-- DATA EXCERPT --
-------

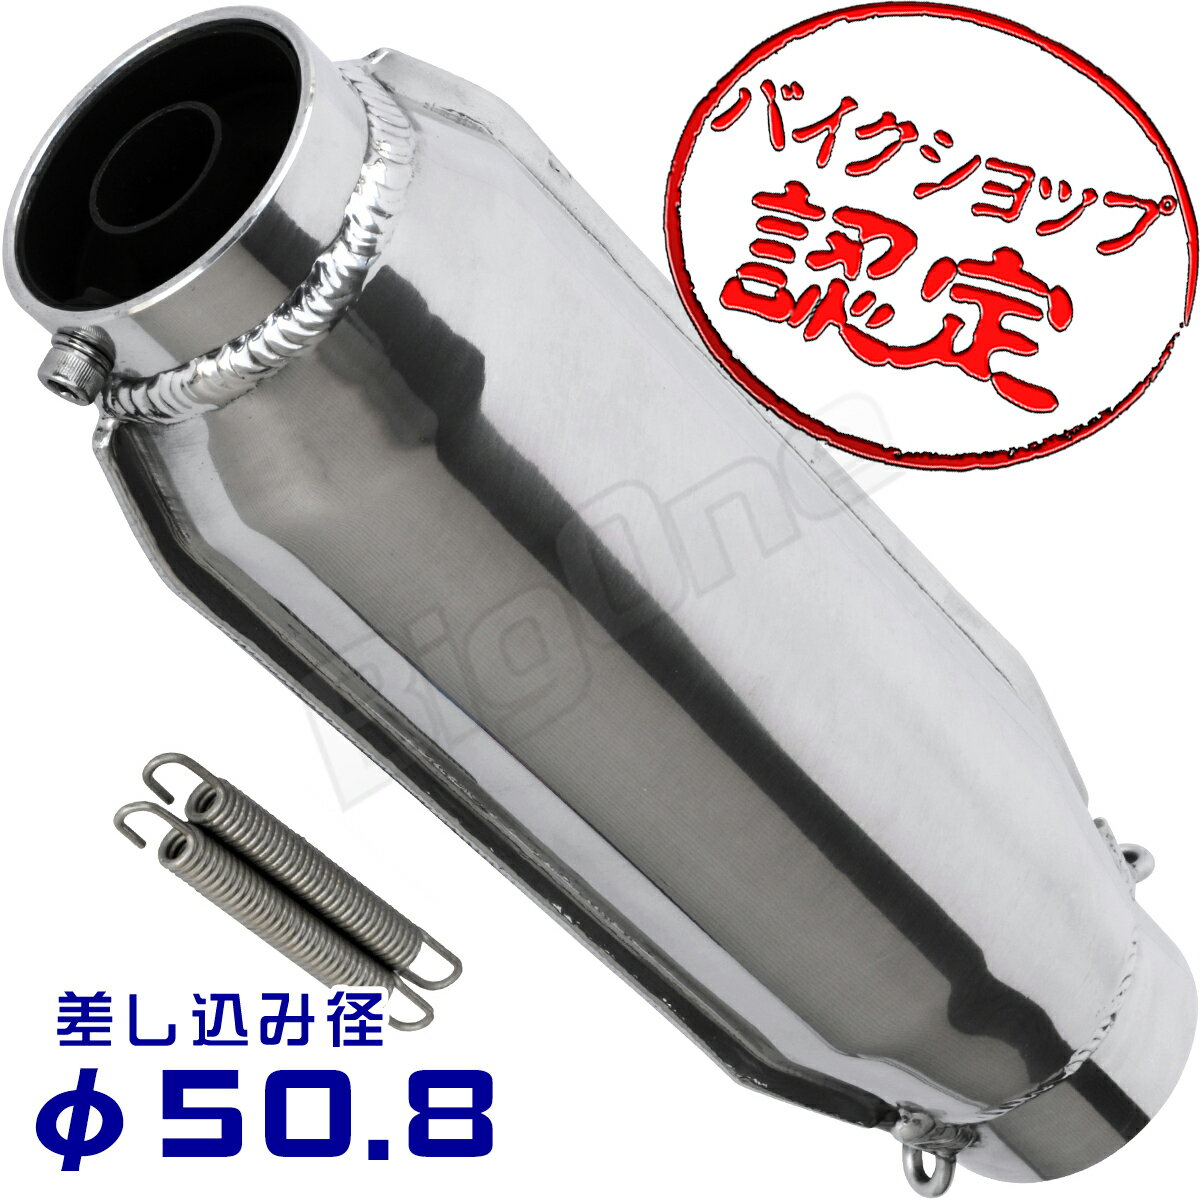 BigOne モナカ サイレンサー 50.8mm スリップオン マフラー 汎用 モナカ管 ショート管 50.8φ
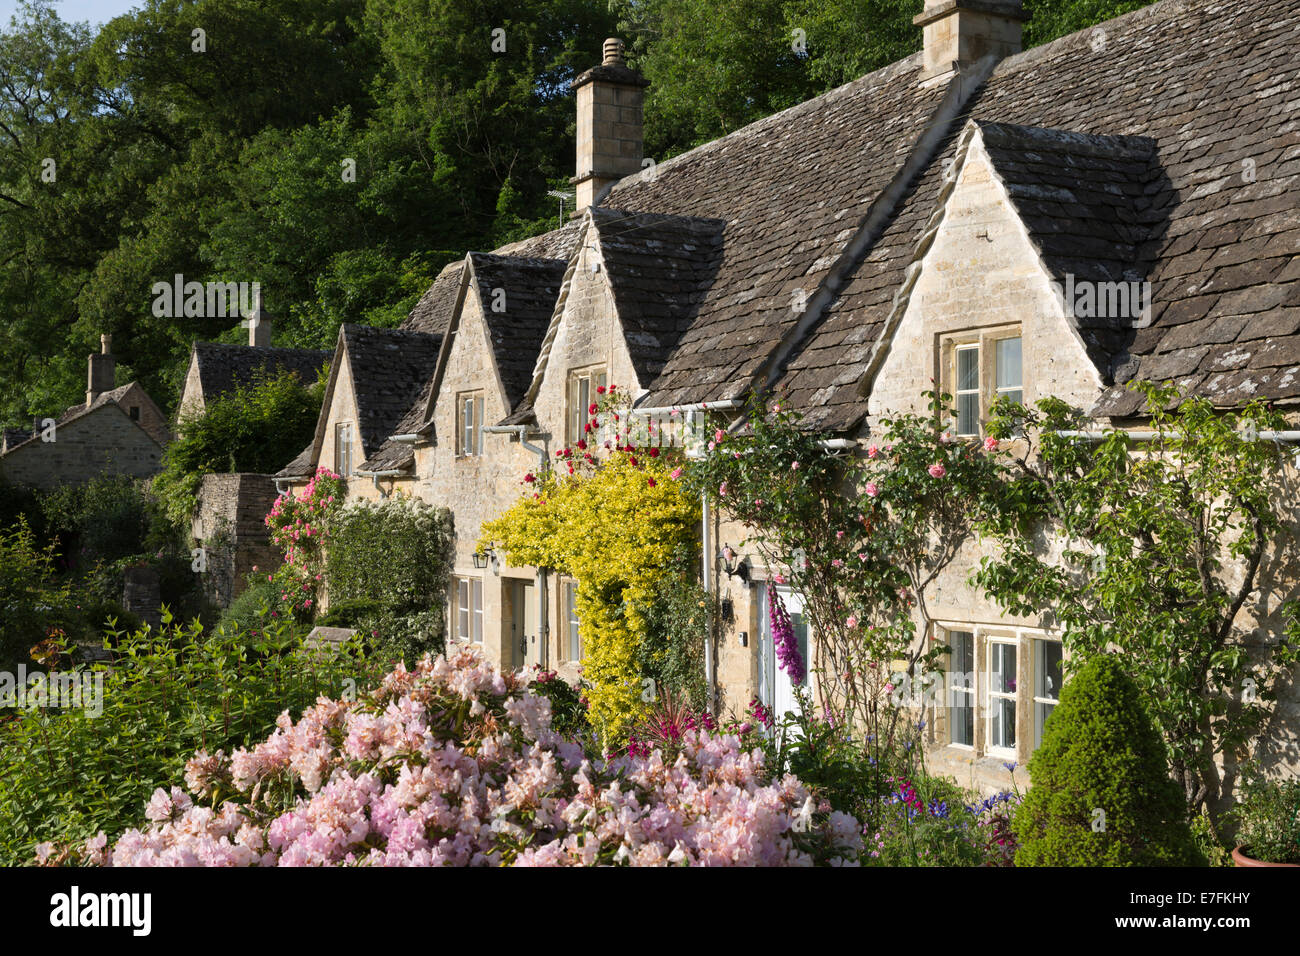 Cotswold cottages et jardin d'été, Bibury, Cotswolds, Gloucestershire, Angleterre, Royaume-Uni, Europe Banque D'Images
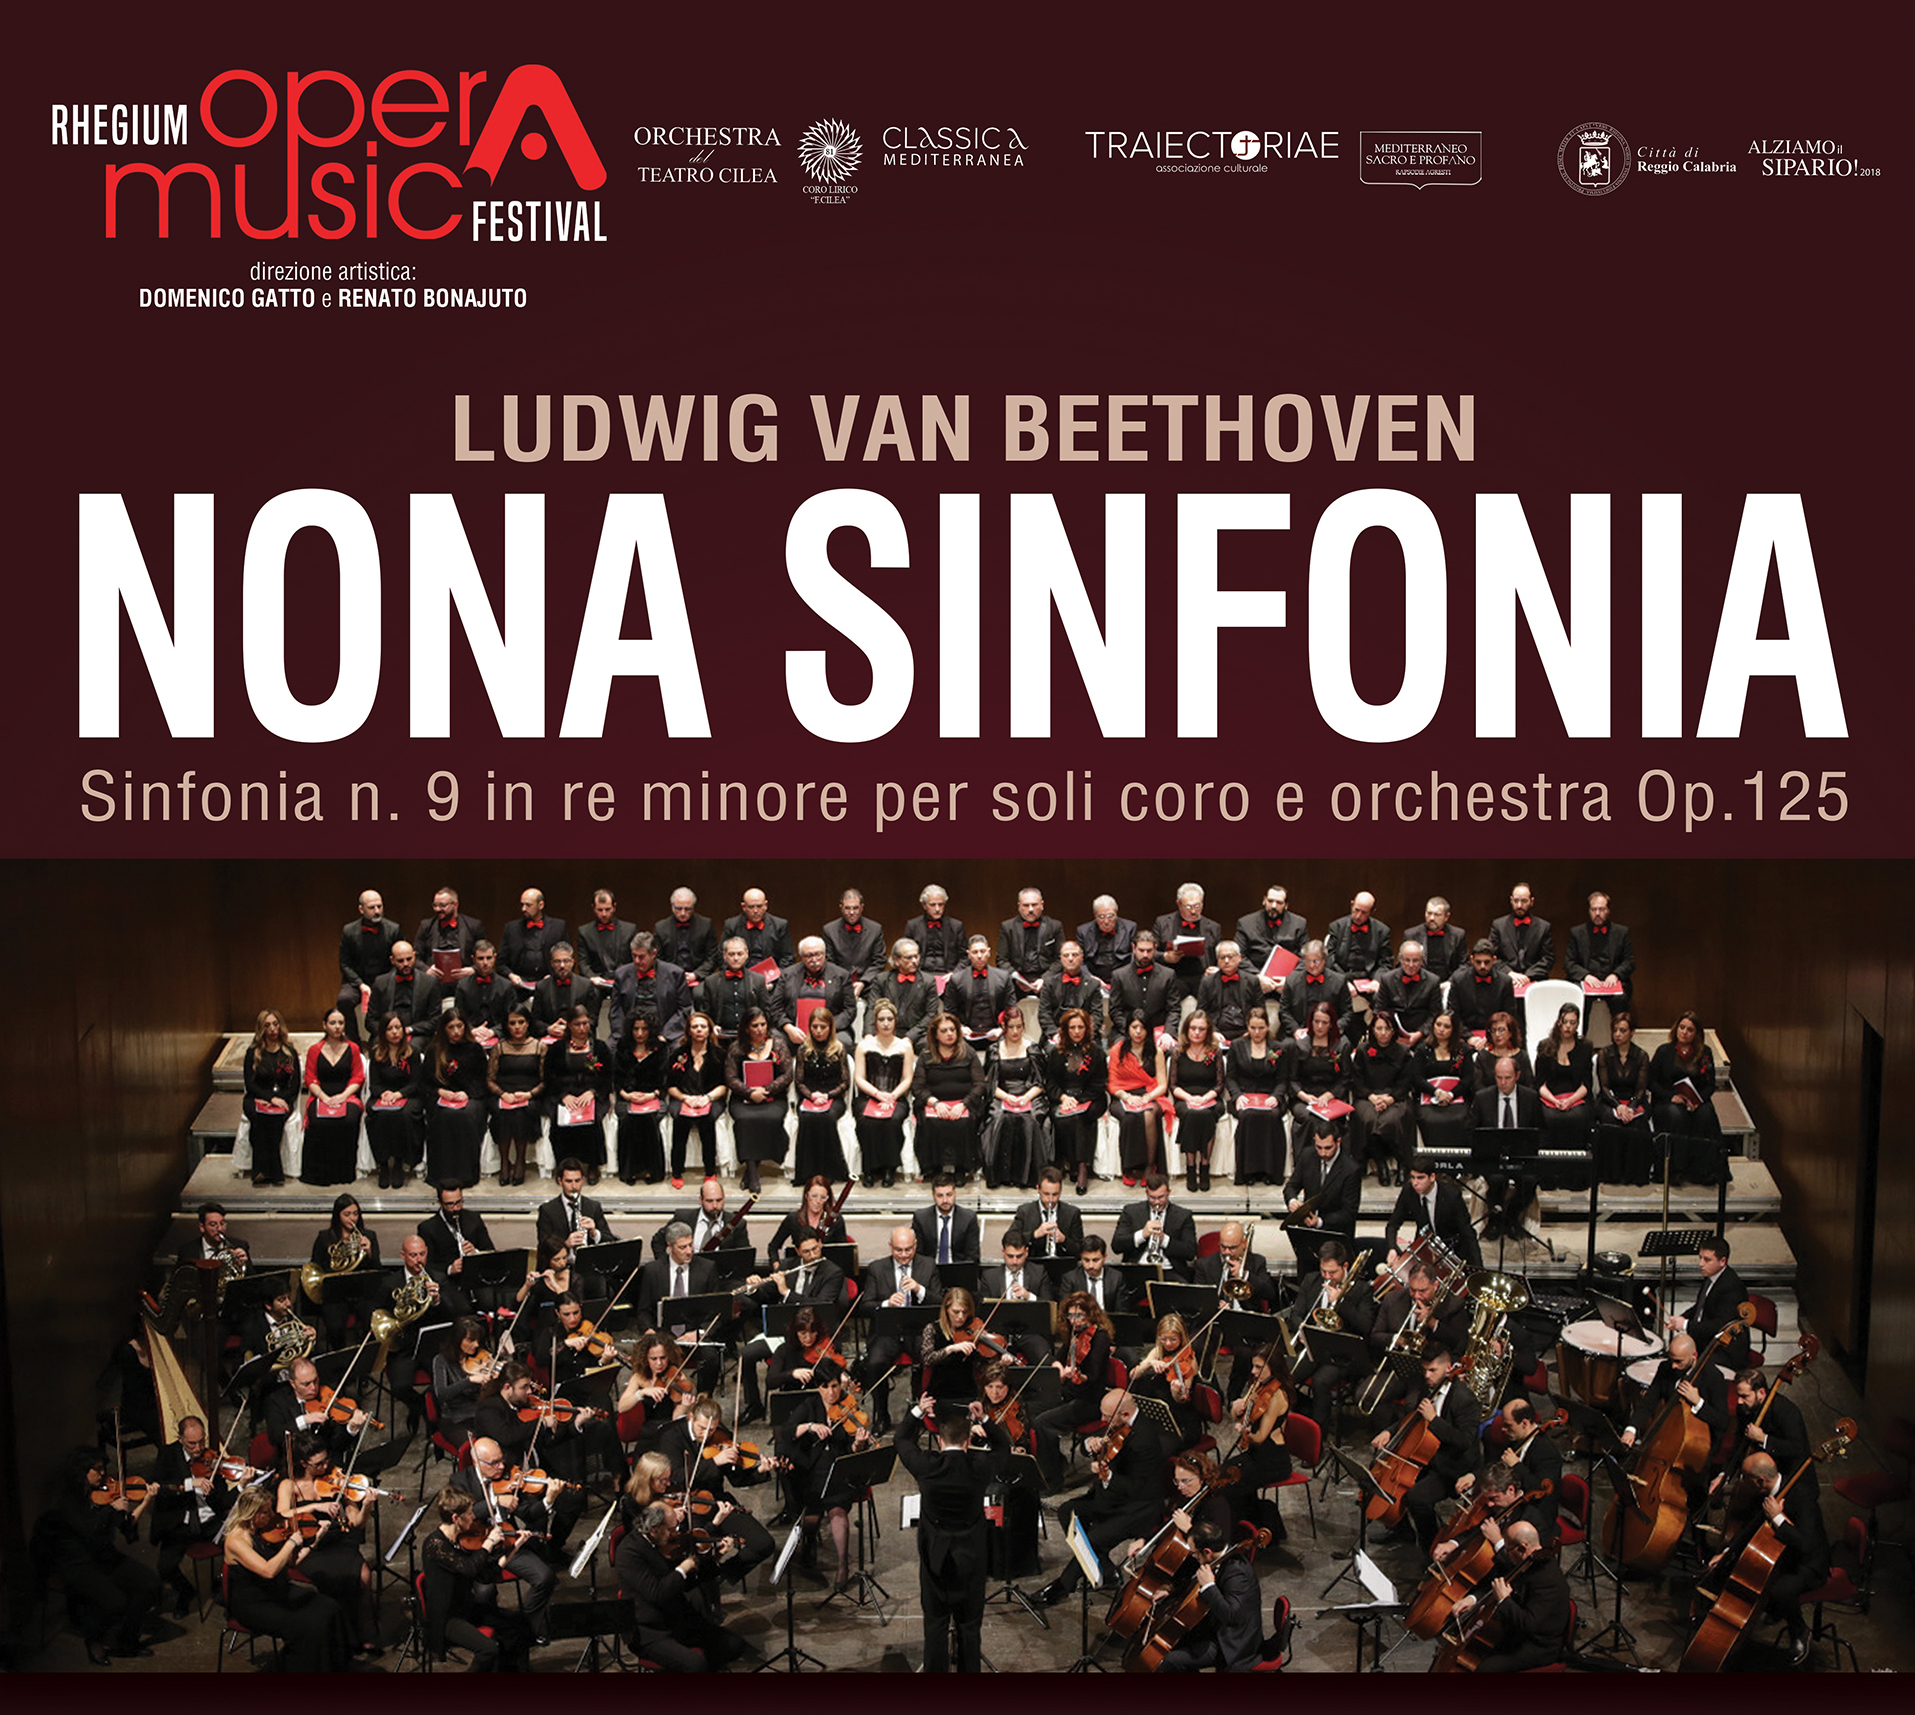 Venerdì 1° febbraio la “Nona Sinfonia” di Beethoven al Cilea di Reggio Calabria

-------

-- TASK TO COMPLETE --
Nothing but the pictures should be left out when the listing above is transcribed.

-- TASK RESPONSE --
 BigOne モナカ サイレンサー 50.8mm スリップオン マフラー 汎用 モナカ管 ショート管 50.8φ
 Cotswold cottages et jardin d'été, Bibury, Cotswolds, Gloucestershire, Angleterre, Royaume-Uni, Europe Banque D'Images
 Venerdì 1° febbraio la “Nona Sinfonia” di Beethoven al Cilea di Reggio Calabria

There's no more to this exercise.